• WHAT NEEDS TO BE DONE: Strip the pictures, then copy the remaining data exactly as it stands.

• AVAILABLE DATA:
==*==
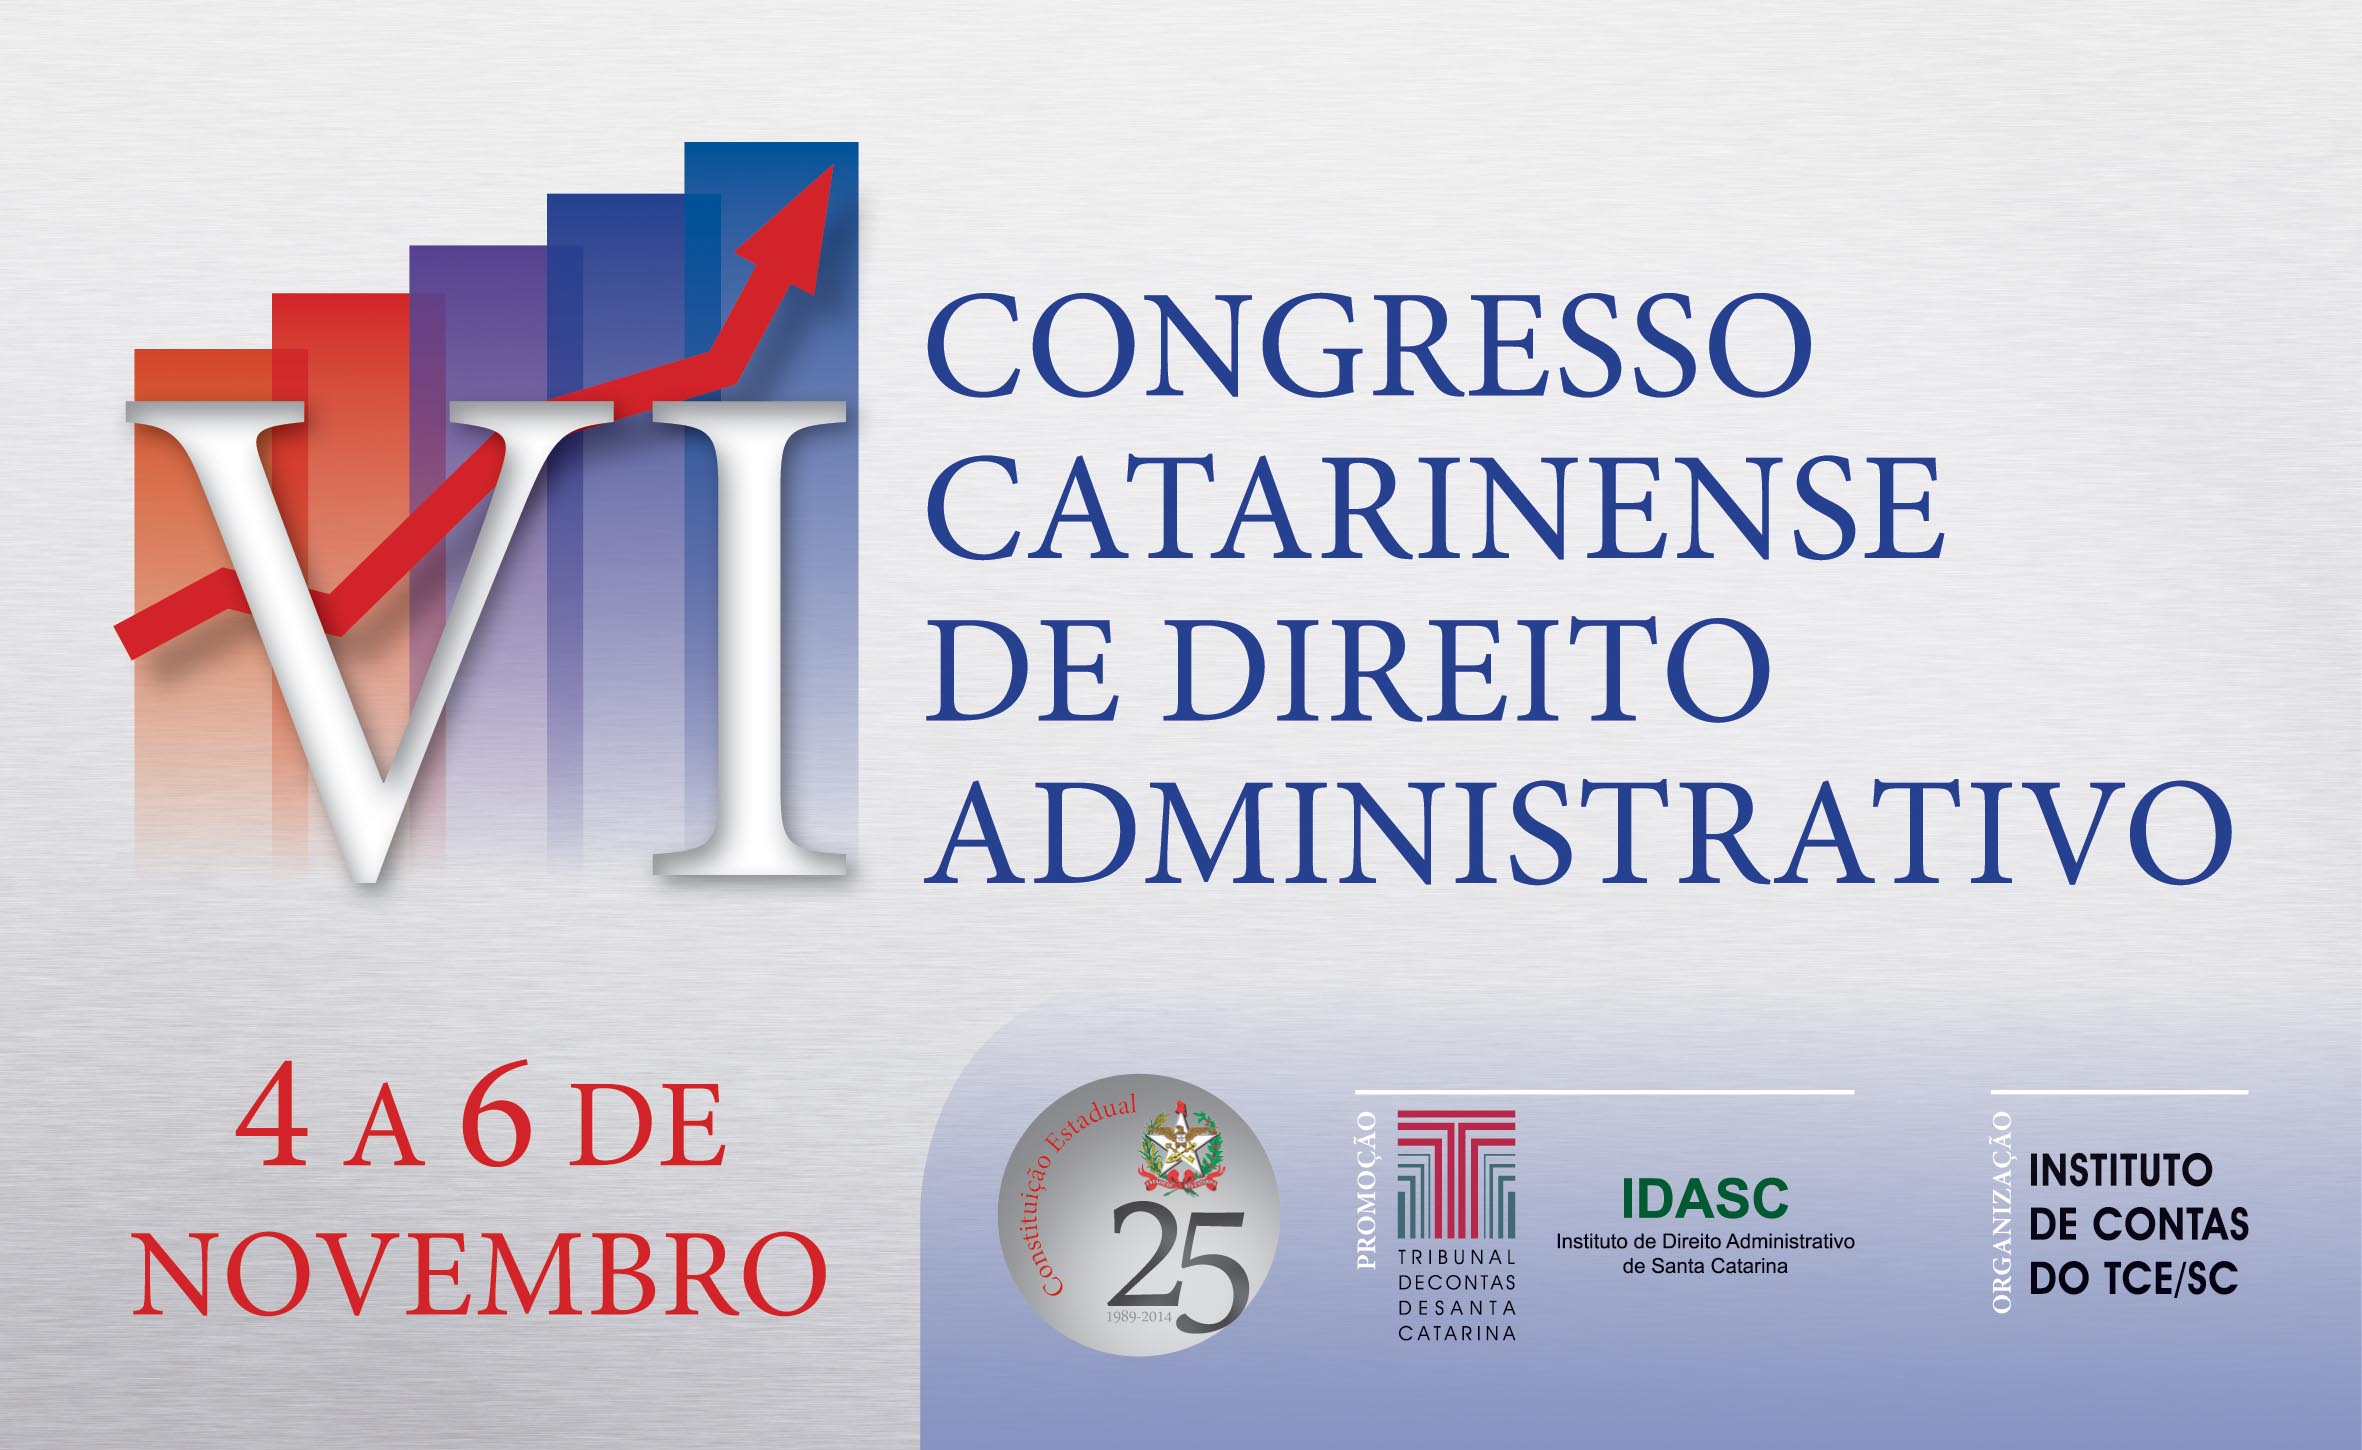 Abertas inscrições para VI Congresso Catarinense de Direito Administrativo no TCE/SC
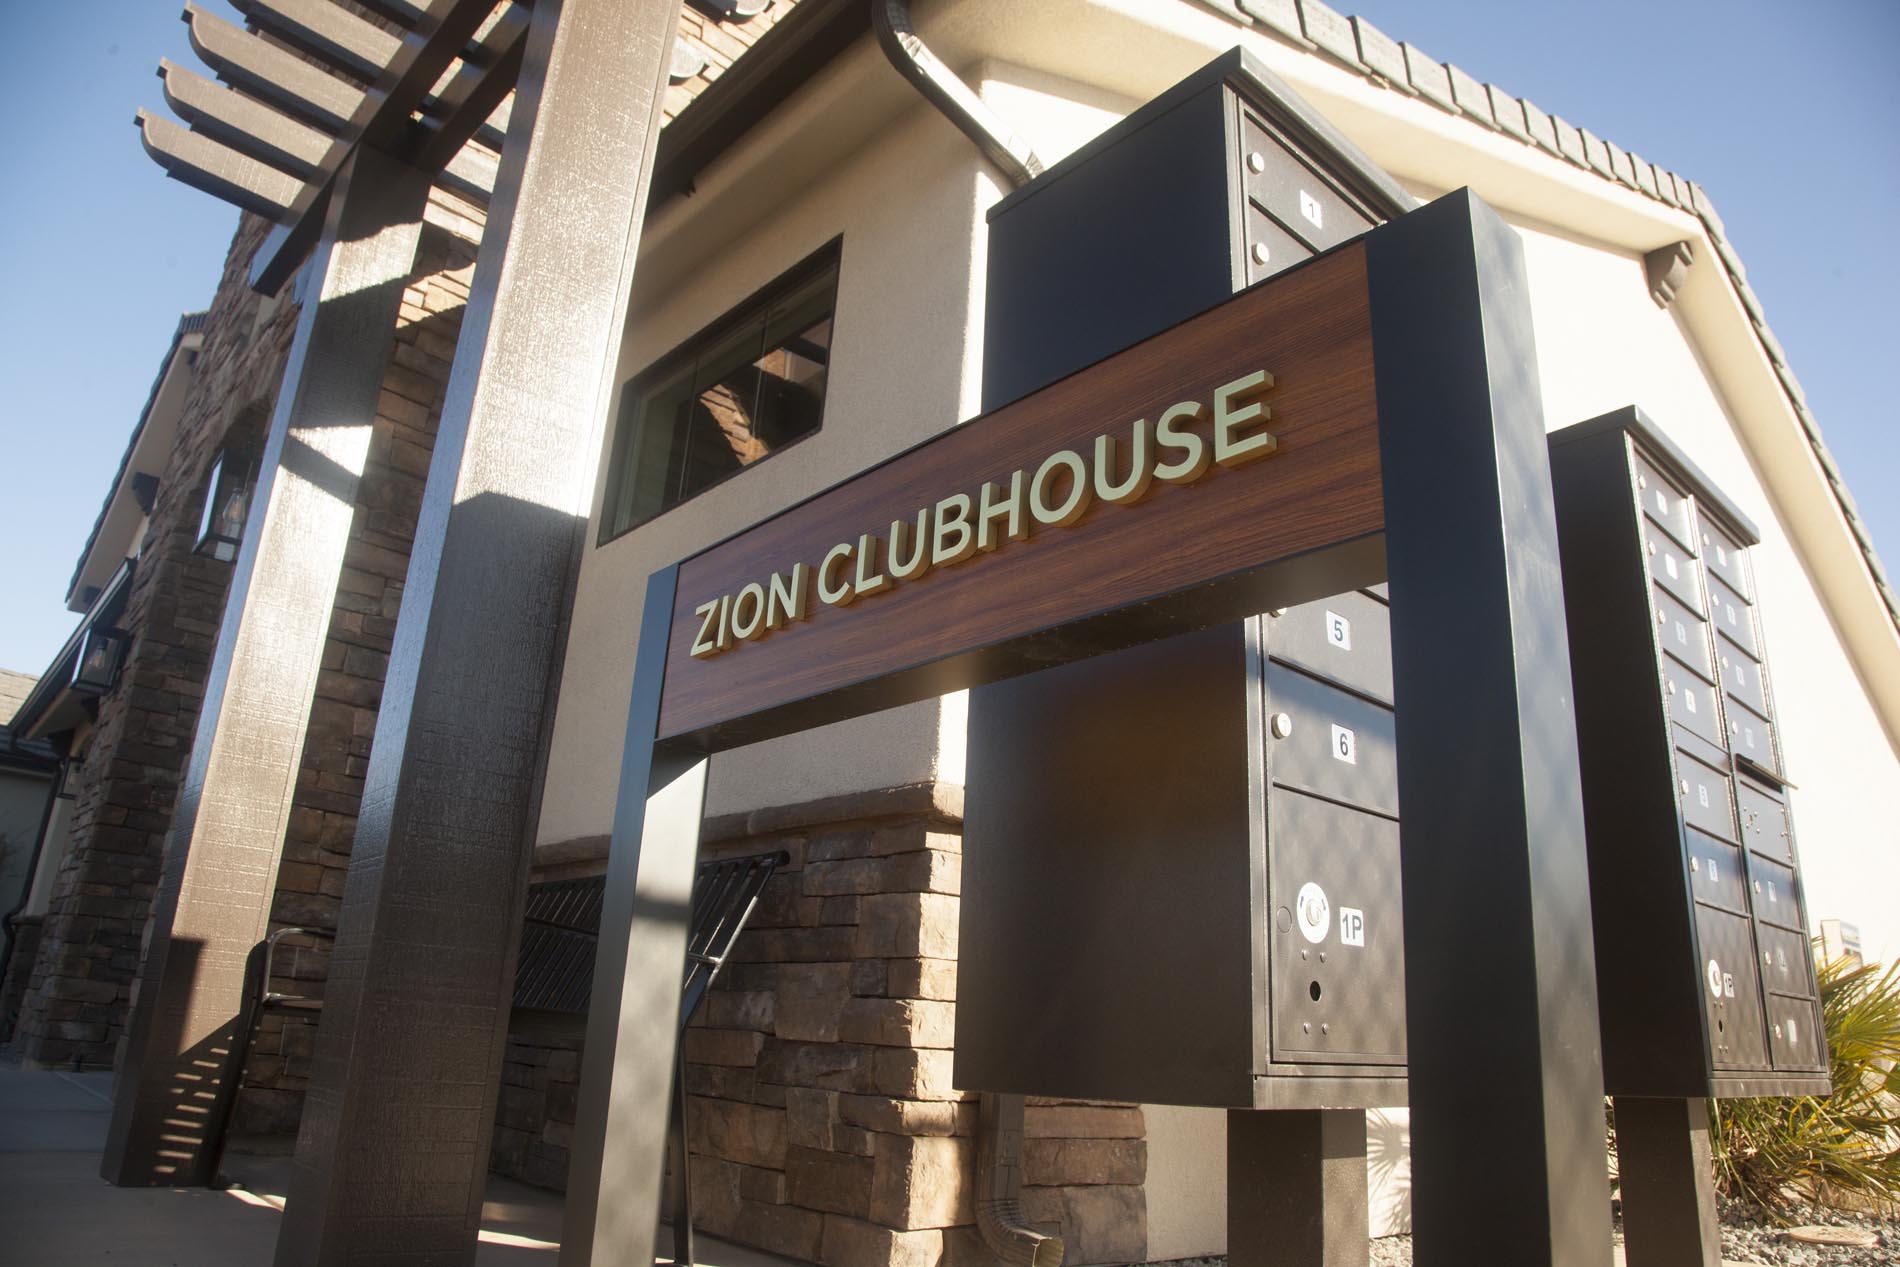 Ovation Sienna Hills Zion Club House Sign
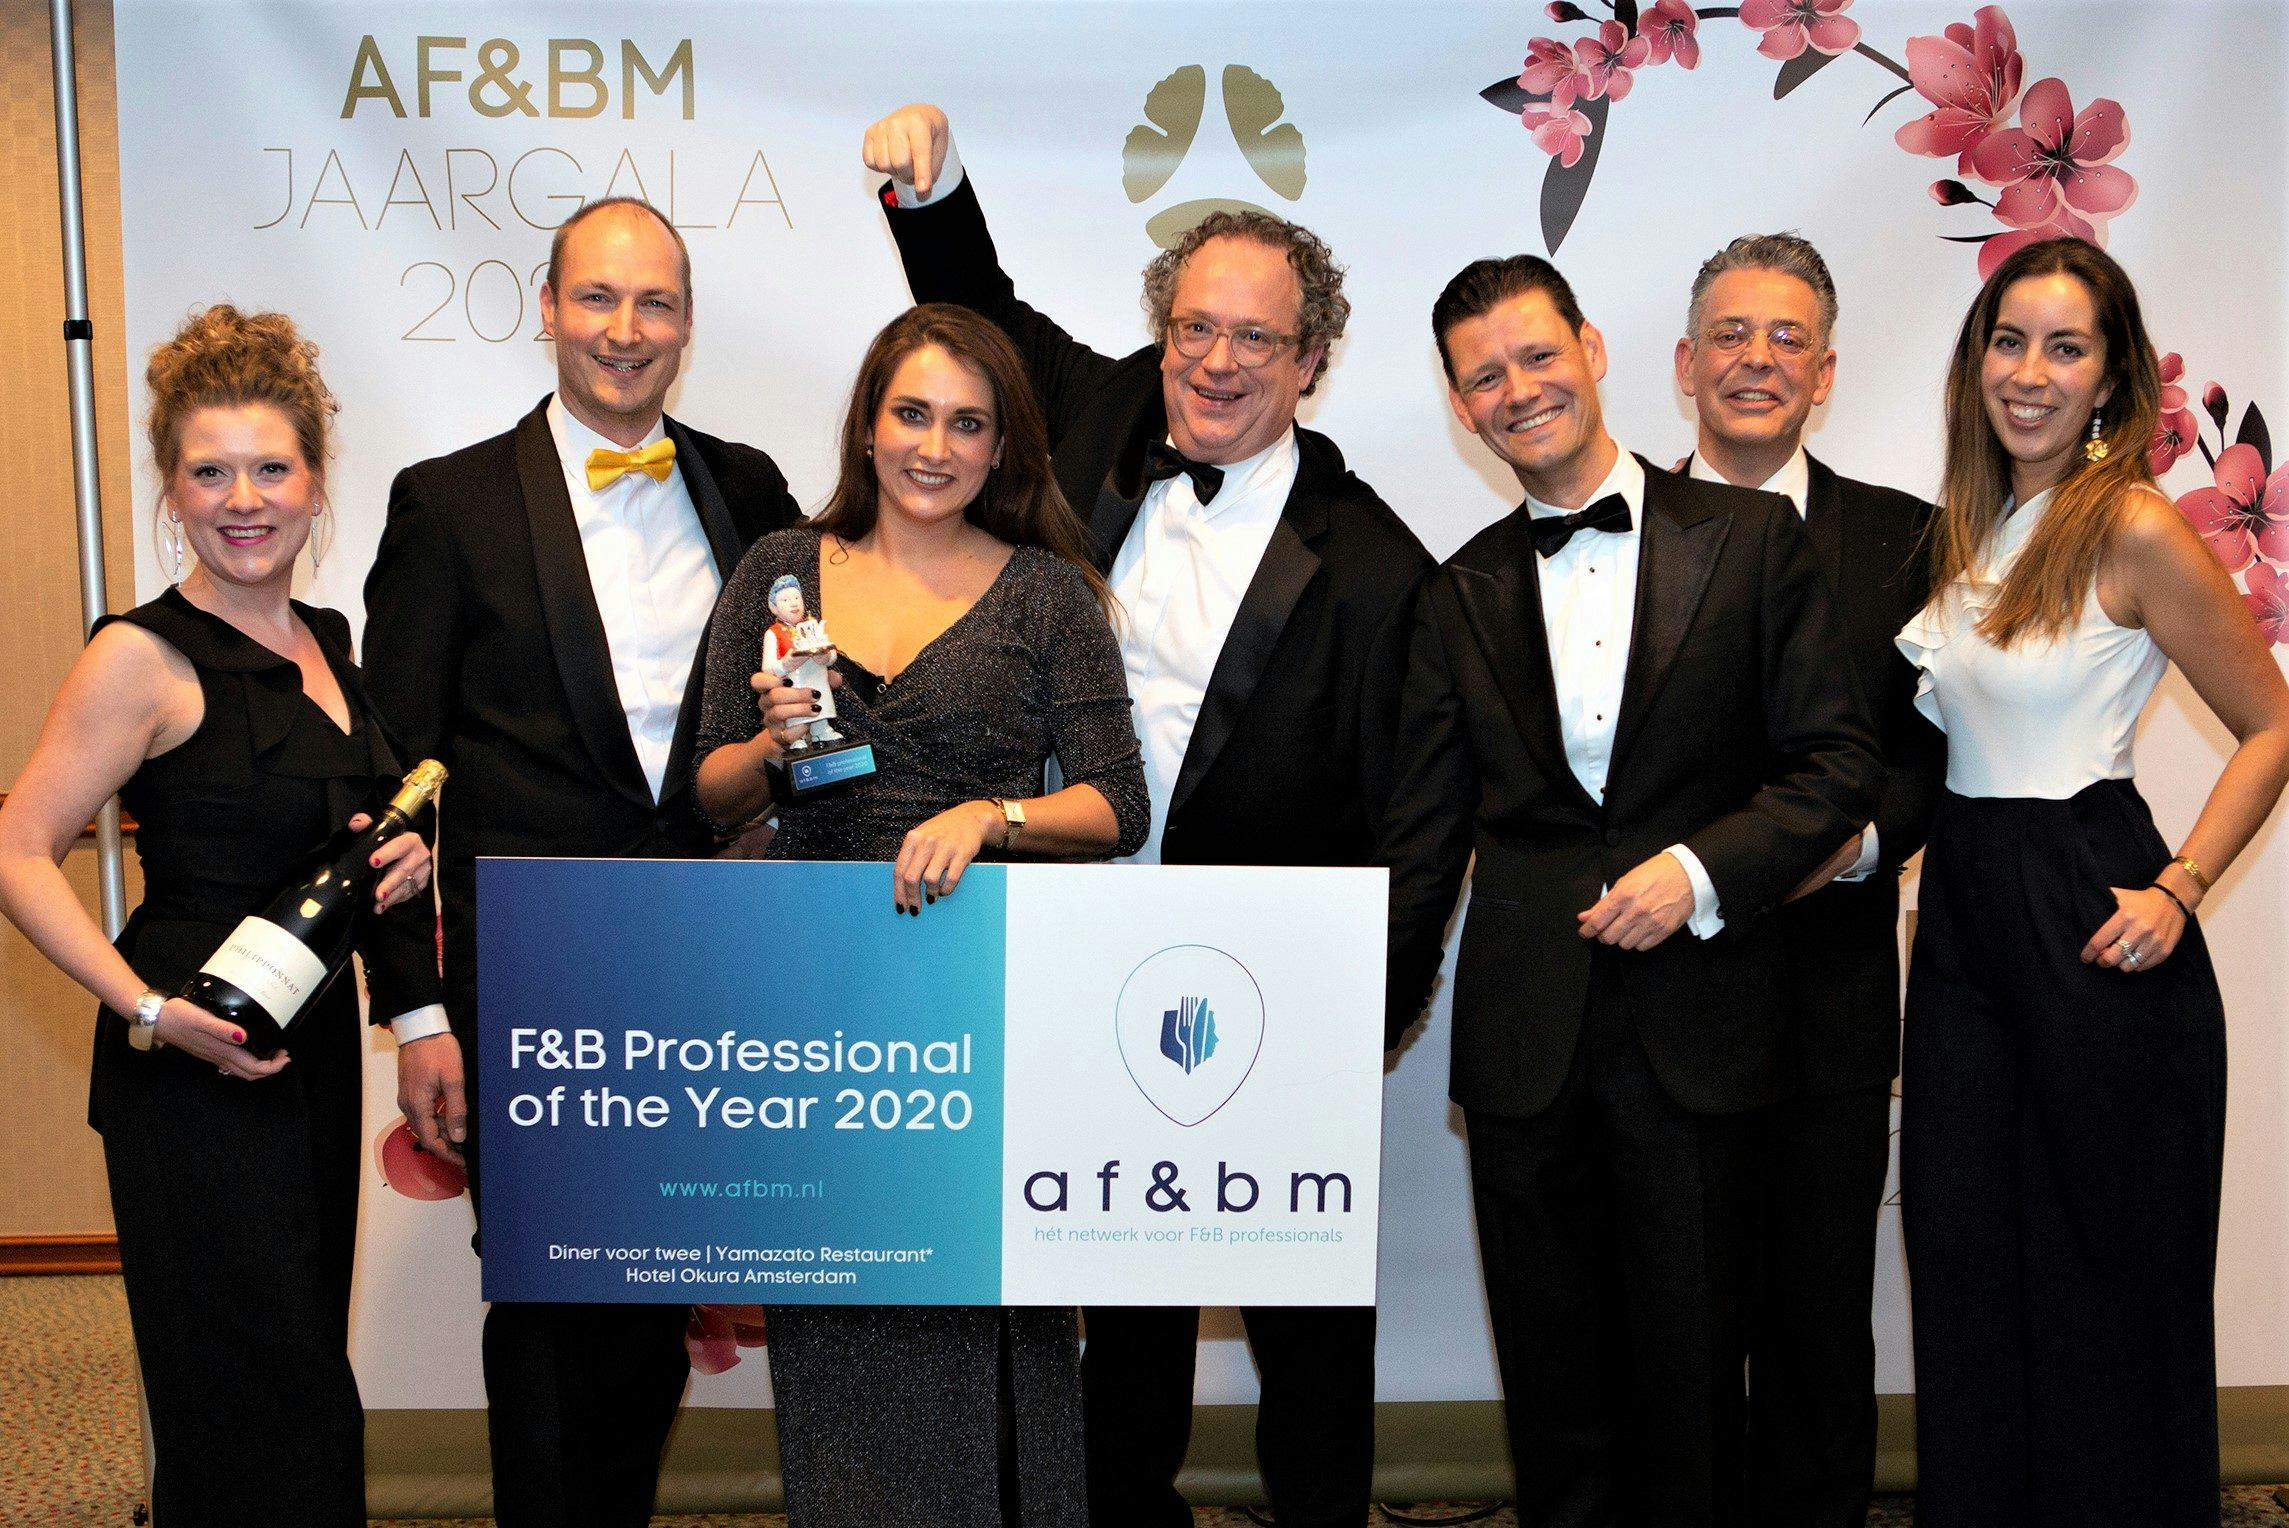 Nomineren voor de F&B Professional of the Year 2021 kan nog tot 31 december
==*==
• TASK SOLUTION:
 Abertas inscrições para VI Congresso Catarinense de Direito Administrativo no TCE/SC
 Ovation Sienna Hills Zion Club House Sign
 Nomineren voor de F&B Professional of the Year 2021 kan nog tot 31 december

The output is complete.